To find the probability that a randomly selected parcel will take less than 48 minutes to deliver, we need to calculate the z-score and then find the corresponding probability from the standard normal distribution table.
Step 1: Calculate the z-score.
The z-score formula is given by:
z = (X - μ) / σ
Where:
X is the value we want to find the probability for (48 minutes in this case)
μ is the mean (45 minutes)
σ is the standard deviation (8 minutes)
Substituting the values into the formula:
z = (48 - 45) / 8 = 0.375
Step 2: Find the probability using the z-score.
Using the standard normal distribution table, we can find the probability corresponding to the z-score of 0.375.
Looking at the table, the closest value we can find is 0.6499 (corresponding to z = 0.37), and the next closest is 0.6554 (corresponding to z = 0.38).
To estimate the probability for z = 0.375, we can estimate it as the average of the probabilities for z = 0.37 and z = 0.38.
Estimated probability = (0.6499 + 0.6554) / 2 = 0.65265 (approximately)
So, the probability that a randomly selected parcel will take less than 48 minutes to deliver is approximately 0.65265 or 65.27% (to two decimal places).
To find the probability that a randomly selected parcel will take less than 48 minutes to deliver, we need to use the standard normal distribution table (also known as the Z-table) or a calculator that can calculate normal distribution probabilities.

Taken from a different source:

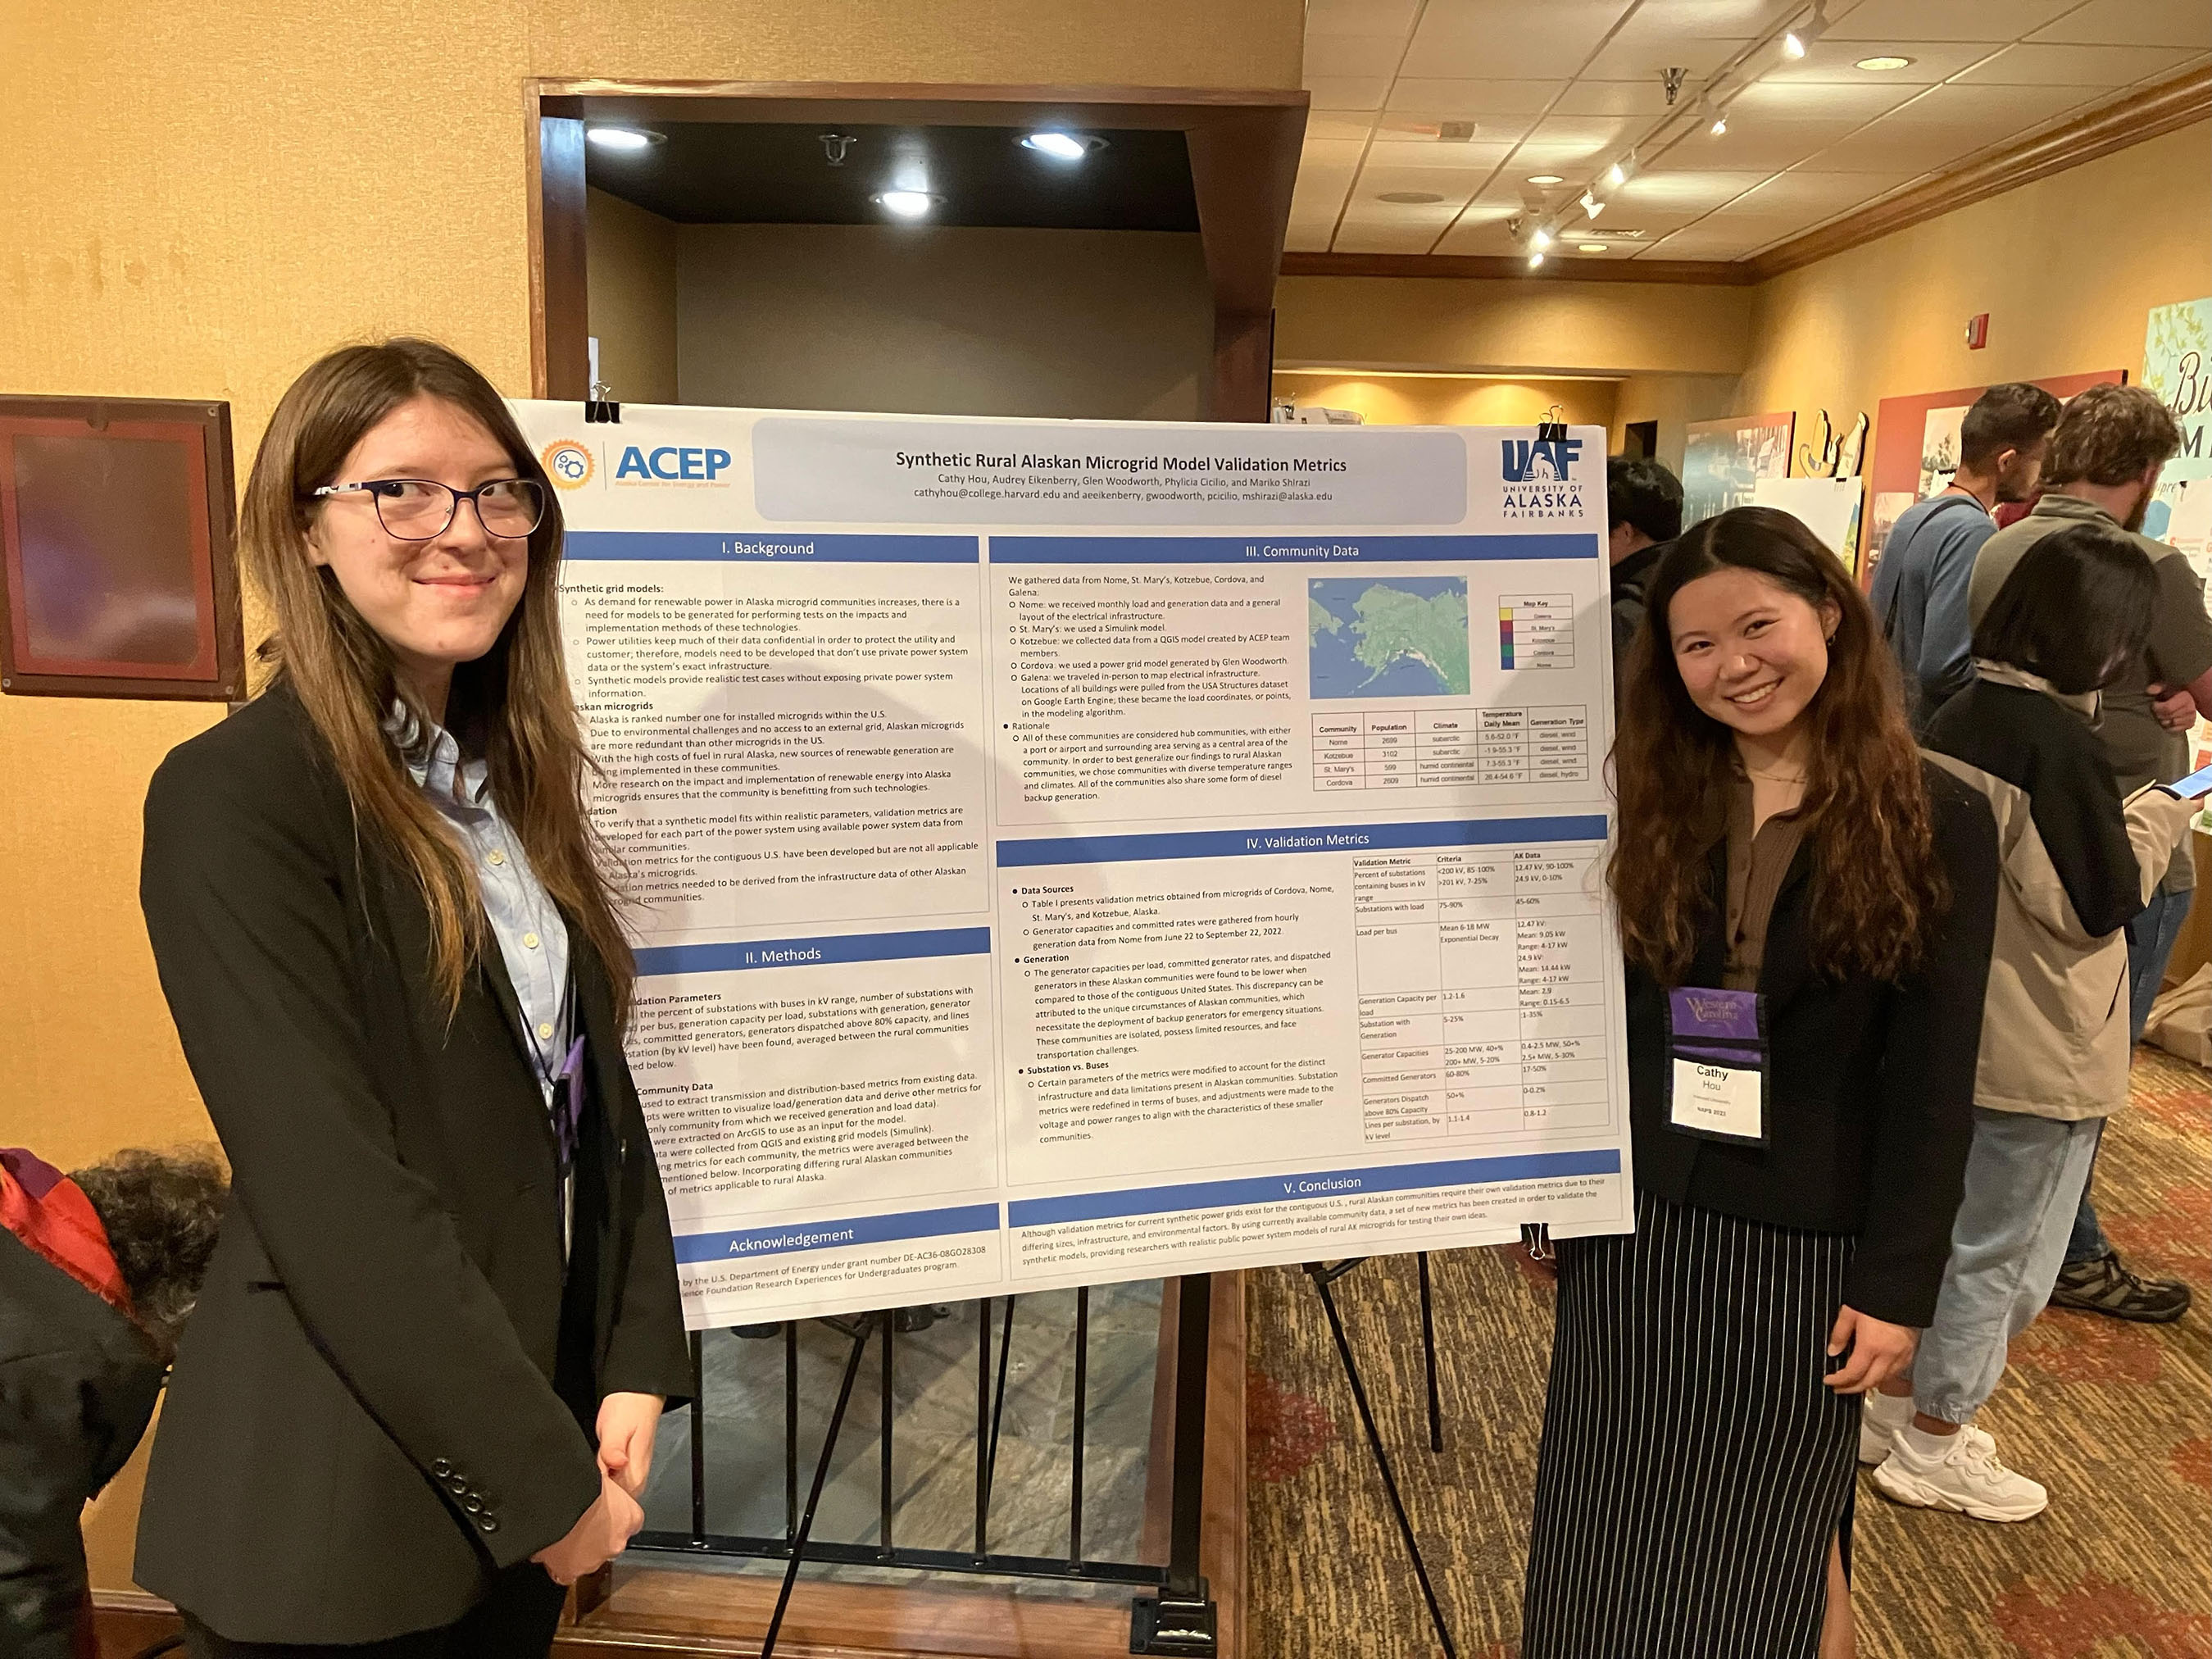 Audrey Eikenberry and Cathy Hou present their poster at the North American Power Symposium.

Step 1: Standardize the value using the standard normal distribution formula:
Z = (X - μ) / σ
Where:
Z: Standardized value
X: Given value
μ: Mean
σ: Standard deviation
In this case:
X = 48 minutes
μ = 45 minutes
σ = 8 minutes
So, we have:
Z = (48 - 45) / 8 = 3/8 = 0.375
Step 2: Use the Z-table or a calculator to find the probability. Looking up the value of Z = 0.375 in the Z-table, we find that the corresponding probability is 0.6480.
Therefore, the probability that a randomly selected parcel will take less than 48 minutes to deliver is 0.6480, or approximately 64.80%.